This question has been tagged with theory as it is not related to any specific programming language. (I assume that is the correct tag to use?)
Edit: It's now working beautifully, thanks all, I was able to pinpoint the 2 mistakes I made using the information below.
All finite length DFTs and FFT multiply longer data (longer source data or wav file than the FFT) with a rectangular window, which convolves the spectrum with a (periodic) Sinc function. Zero padding uses a shorter rectangular window, which results in the convolution of the spectrum with a wider Sinc function.
Filtering by multiplication of FFTs results in circular convolution, which wraps the impulse response of the filter around the FFT/IFFT result (e.g. the end of your filtered signal will interfere with the beginning of the filtered signal within the IFFT result). So you want to zero-pad your data before the FFT, and then see the impulse response of your filter go to zero at or before the very end of the filtered result (e.g. not wrap around). Look up the overlap-add and overlap-save algorithms, for using short FFTs for fast convolution filtering of longer signals, which take care of the filter impulse response extending into the zero-padded portion.
You can also use FFTs that are not a power of 2 in length. Any length that can be factored into small primes will work with most modern FFT libraries.

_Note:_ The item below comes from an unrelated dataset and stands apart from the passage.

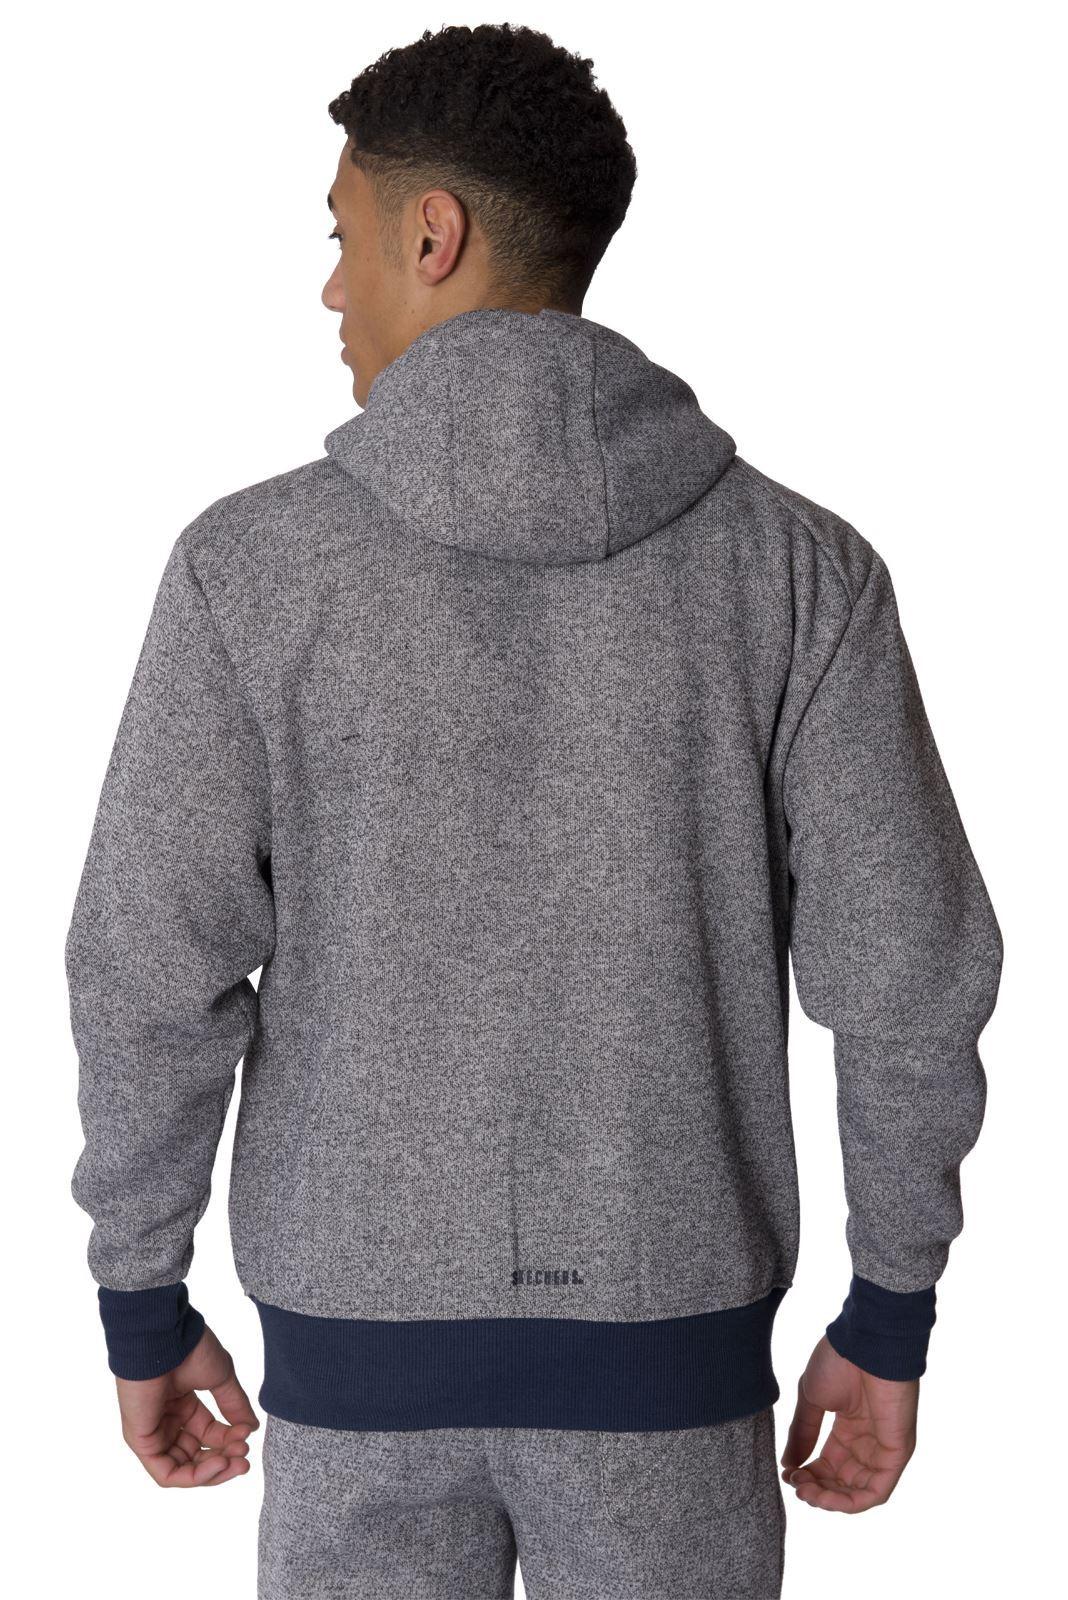 Skechers Mens Sweat Hoodie Casual Zip Up Hoody Coat ...

It depends what you are interested in.
If you are just interested in spectrum magnitude, then place the real data in the middle of the window to be processed. Just know that this time shift will put a phase shift into the spectrum result.

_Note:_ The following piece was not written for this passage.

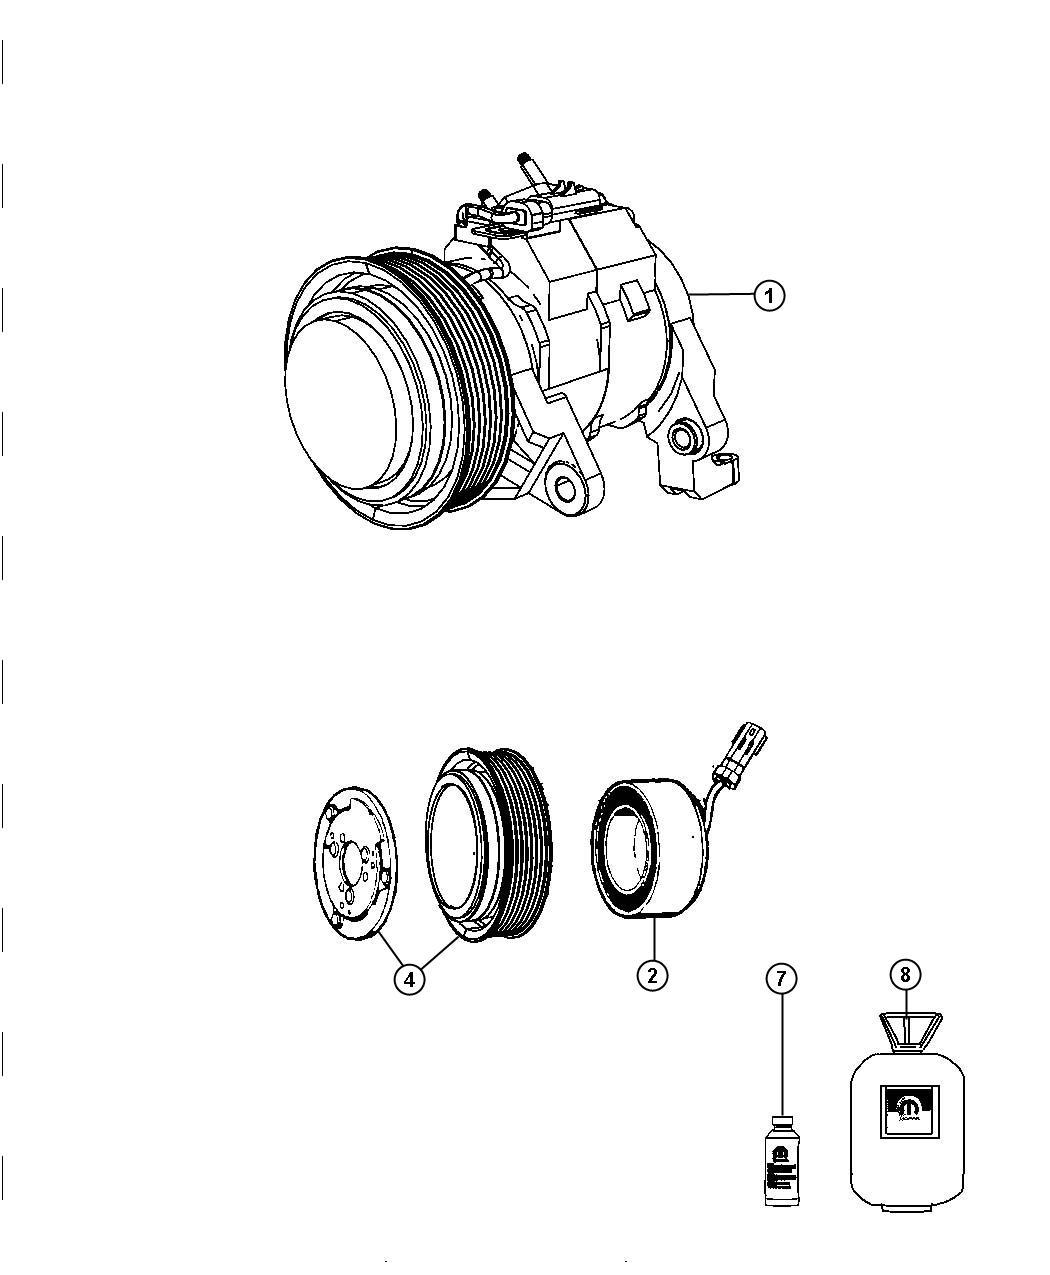 Dodge Ram Compressor Air Conditioning

Regardless of the number of points, do not forget to place a window on your data. Wikipedia has a good write up on the windowing functions at https://en.wikipedia.org/wiki/Window_function.
If you do not perform some sort of windowing on your real world data, the padded signal will appear to have a step up and a step down at the end of the valid data (which puts a lot of noise into your spectrum giving you the false impression that you have a noise floor).

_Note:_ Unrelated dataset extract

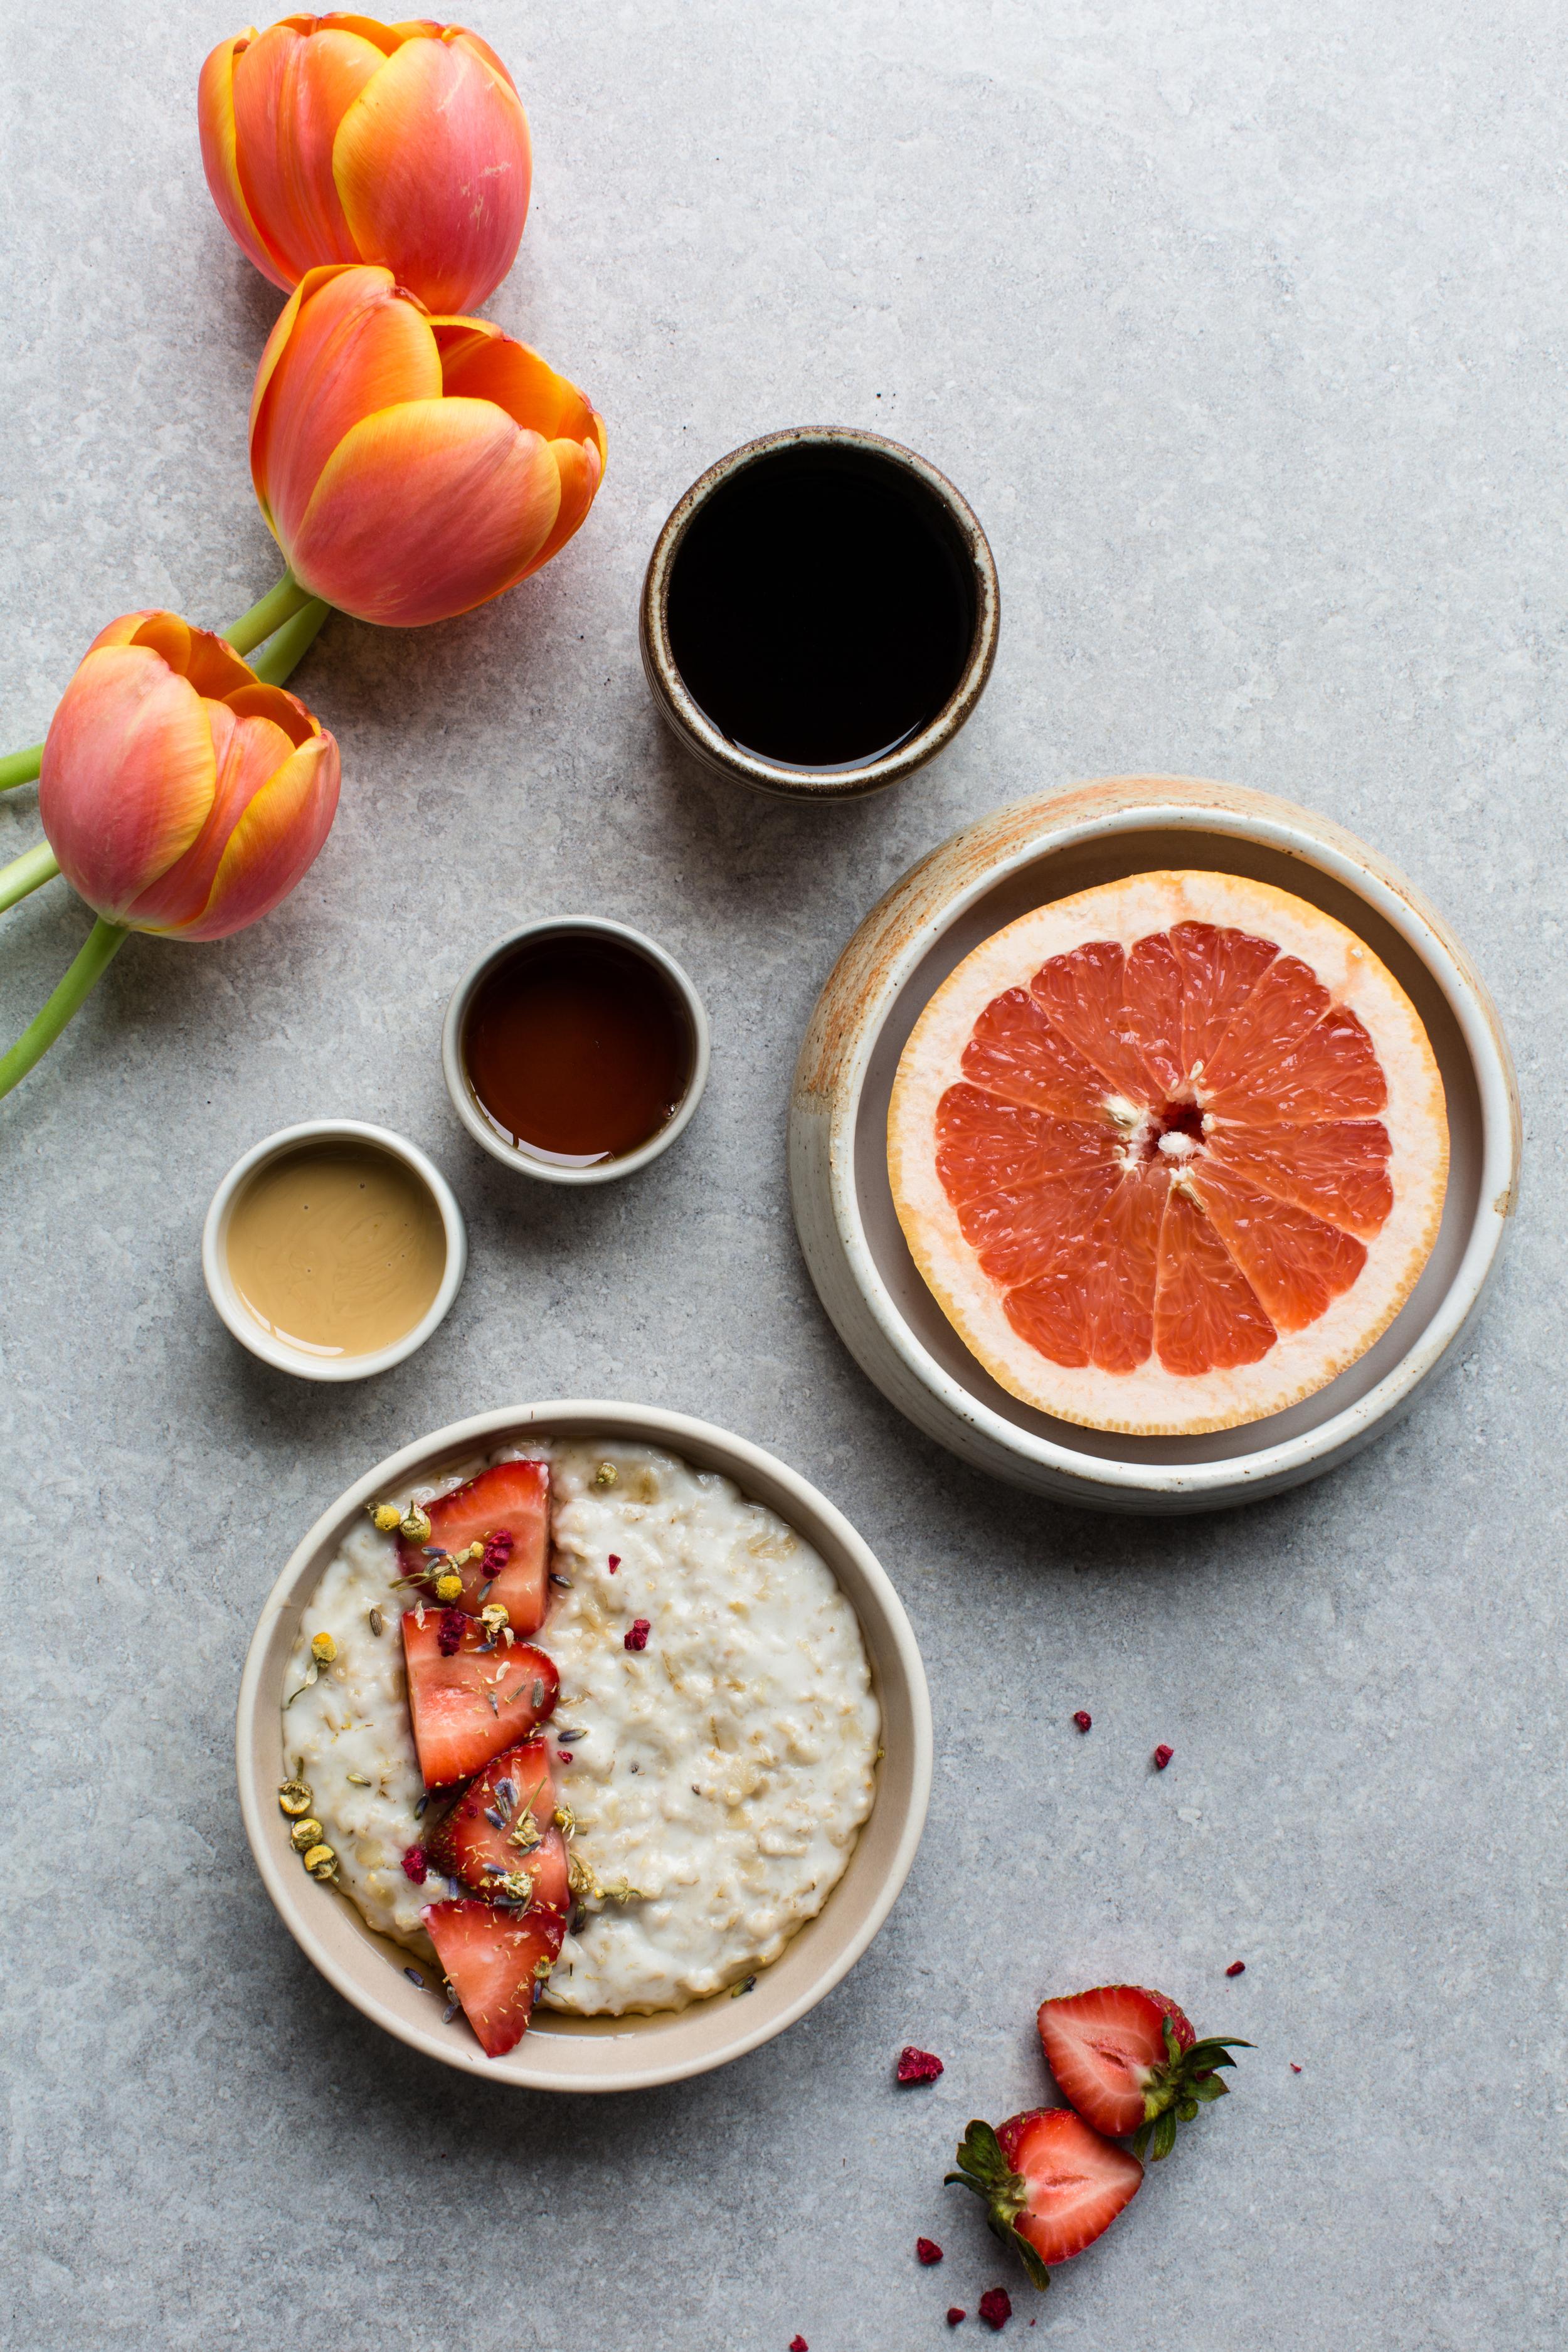 Maple-Tahini-Porridge-with-Vanilla | www.8thandlake.com

So, my recommendation, if you primarily care about magnitude:
- develop a hamming window for the number of points of valid data you have.
- apply the hamming window to the data you have
After that you have OPTIONS:
A) if your samples are slightly above a base two number, use the lower base two number (i.e. if you have 1400 points, do two 1024 point FFTs with overlap). The results of these two FFTs can be "smartly" combined for an aggregate spectrum. Depending on your fidelity needs, you can do this with more FFTs with a larger portion of overlapped data. Try to keep the overlap less that 10% to account for your window edges that will get attenuated by the start and end of the windowing functions.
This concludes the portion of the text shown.